A key concern in trauma studies is the manner in which catastrophe calls and confounds the practice of witnessing. Critical thinkers including Cathy Caruth, Dori Laub, and Roger Luckhurst have grappled with the volubility of testimony in dialogue with the apparent unknowability or irresolvable breaches that lie at the heart of traumatic experience. Kristine Stiles’s Concerning Consequences both chronicles and critiques such debates as well as adds further [End Page 170] texture to the paradigm of witnessing within the field of trauma studies and the discipline of art history. The volume of critical essays is framed via questions of cause and effect, ethical responsibility, and the place of morality in wounded landscapes and practices. Stiles begins by reading the group of Upper Palaeolithic cave paintings known as the Shaft of the Dead Man dating from circa 16,800 BCE in Lascaux, France. These images provide a departure point for Stiles to consider the ways in which trauma necessitates witness in the form of its address.
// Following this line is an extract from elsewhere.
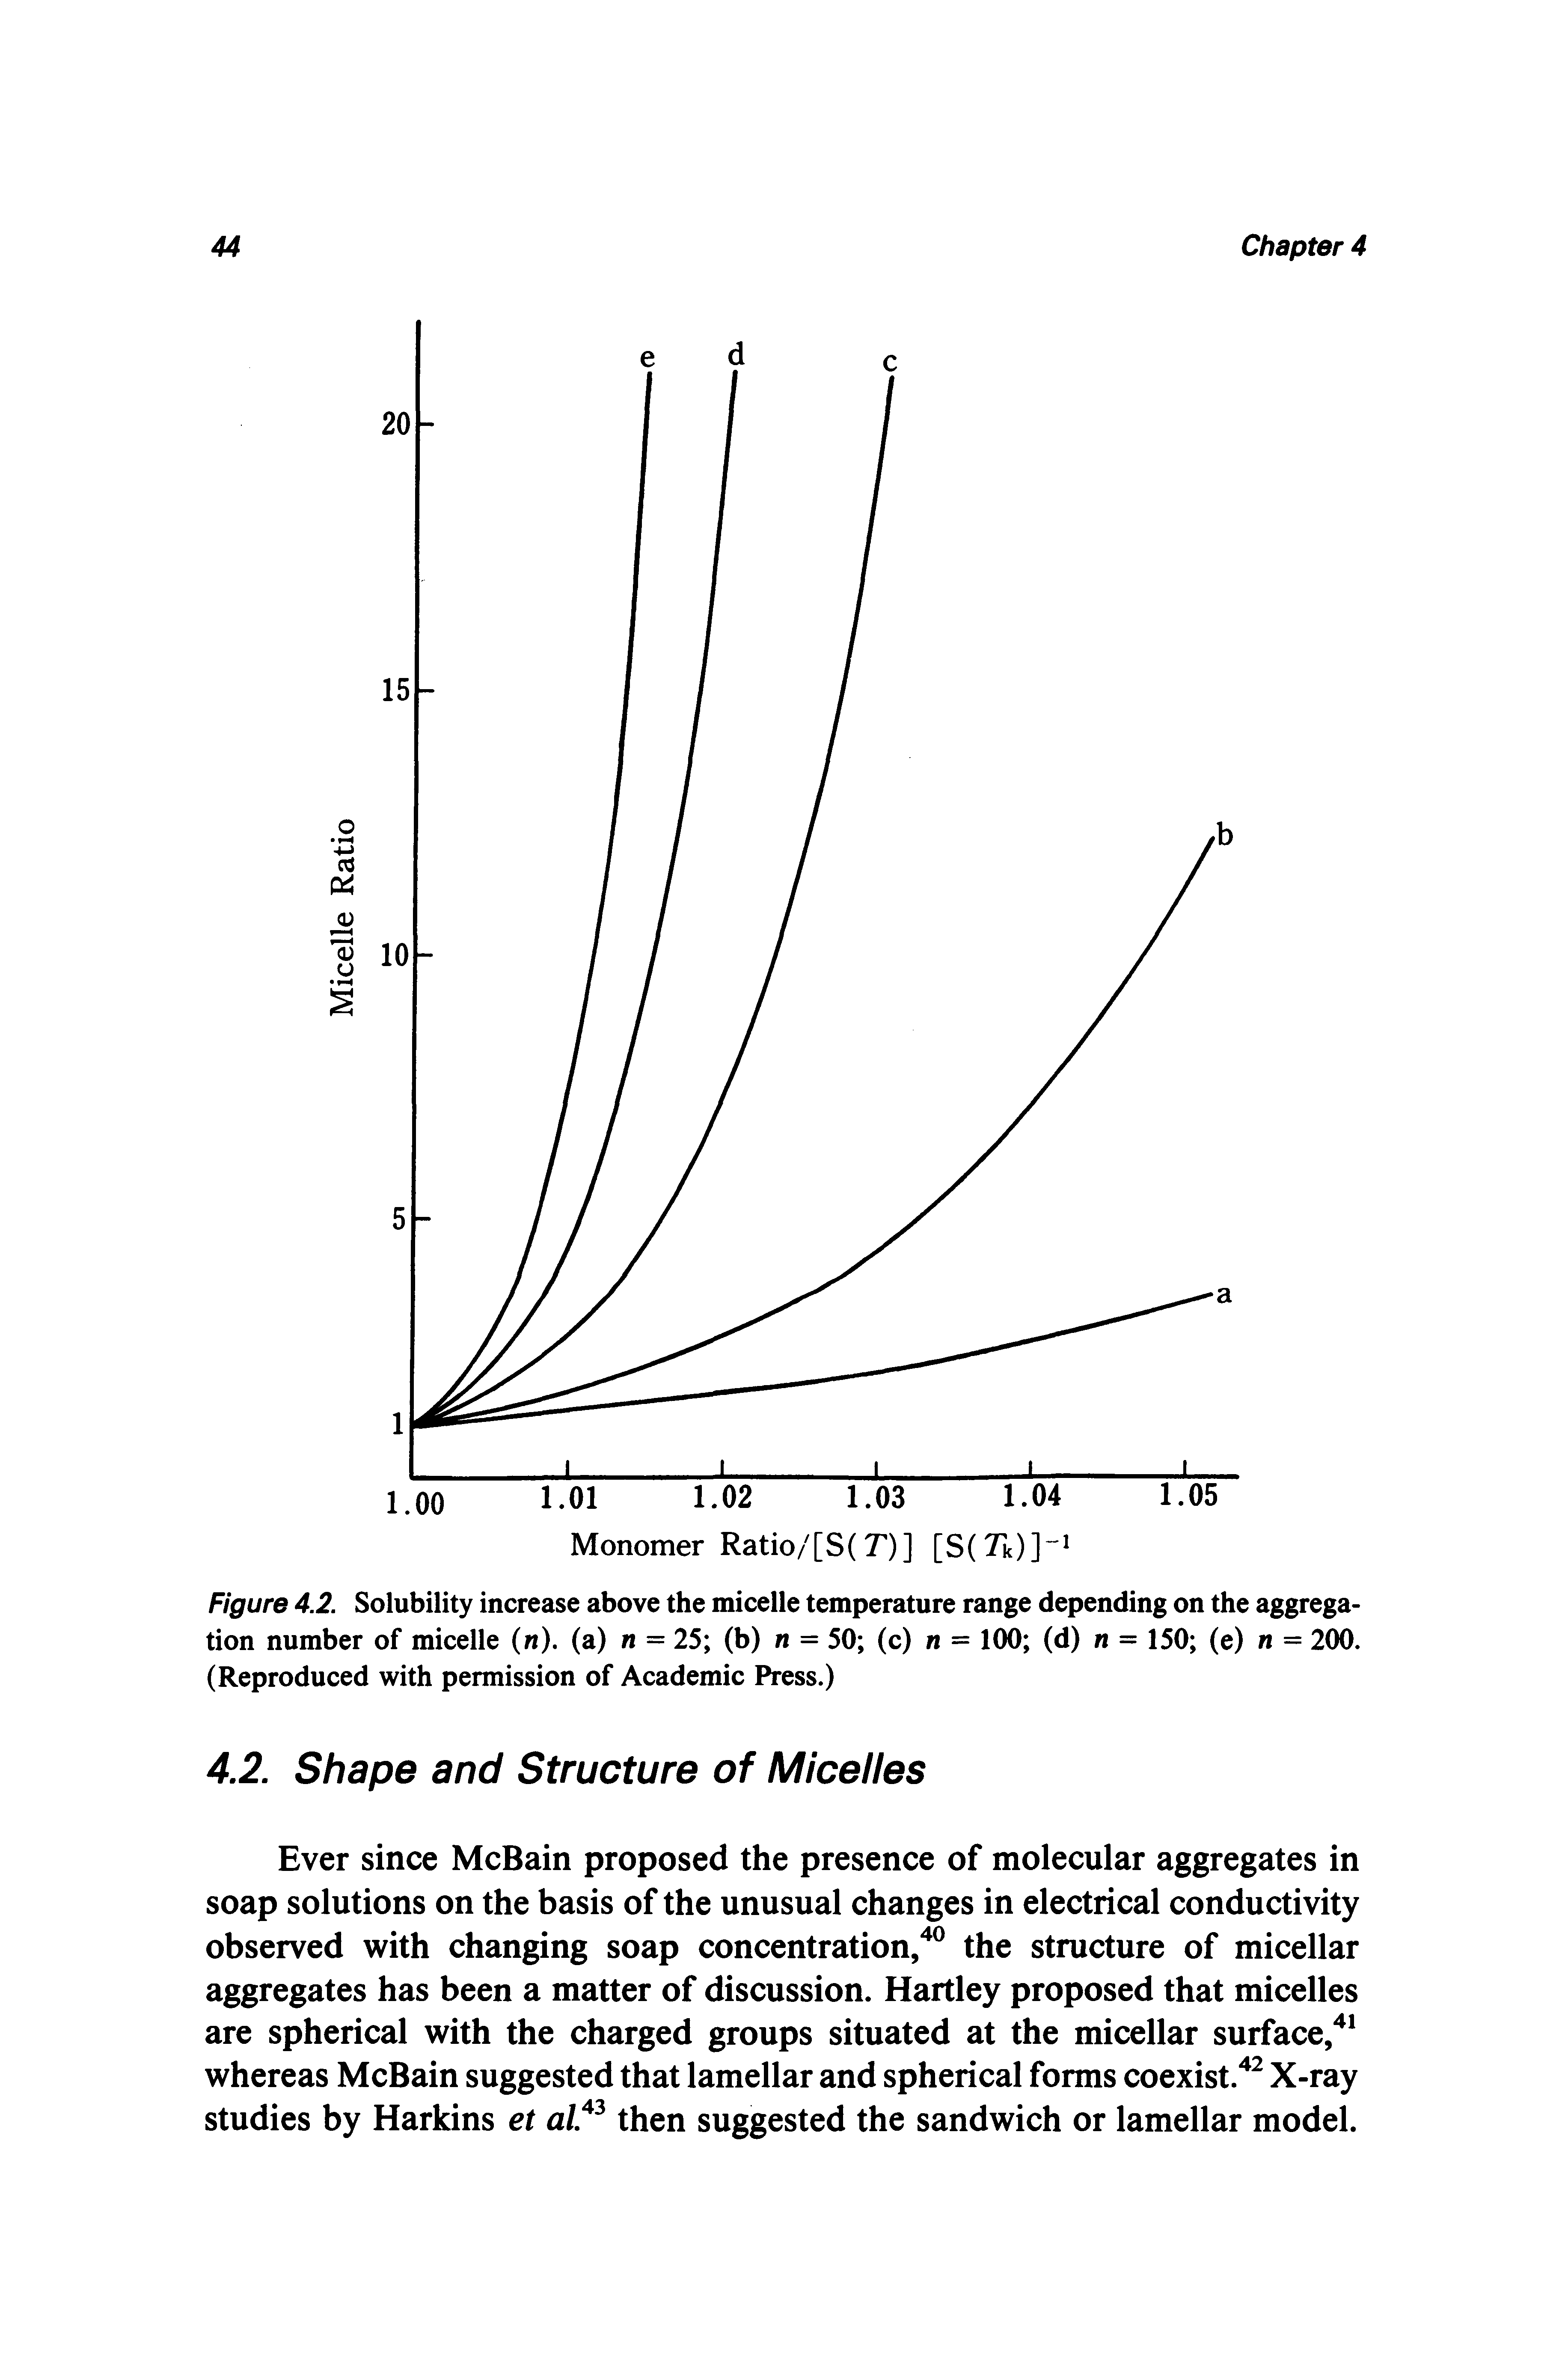 Figure 4.2. Solubility increase above the micelle temperature range depending on the aggregation number of micelle (n). (a) n = 25 (b) n = 50 (c) n = 100 (d) n = 150 (e) n = 200. (Reproduced with permission of Academic Press.)...

It is particularly the imagery of violence in tandem with the illustration of gaze that enables Stiles’s engagement with these paintings as traumatic. In this sense, she argues that trauma insists that its spectators reckon with their own act of looking. Trauma thus, for Stiles, asks a viewer to consider what kind of gaze is requested by the image. While Stiles’s argument may risk essentializing trauma insofar as it foregrounds an ahistorical dimension to both its expression and its reception, the issues of traumatic address that she sees the cave paintings encoding nonetheless offer the reader a clear framework through which to begin to navigate this extensive and fascinating collection of essays. In its focus on witnessing, biography, politics, and morality, Concerning Consequences argues eloquently for the urgency of looking at the art of emergency.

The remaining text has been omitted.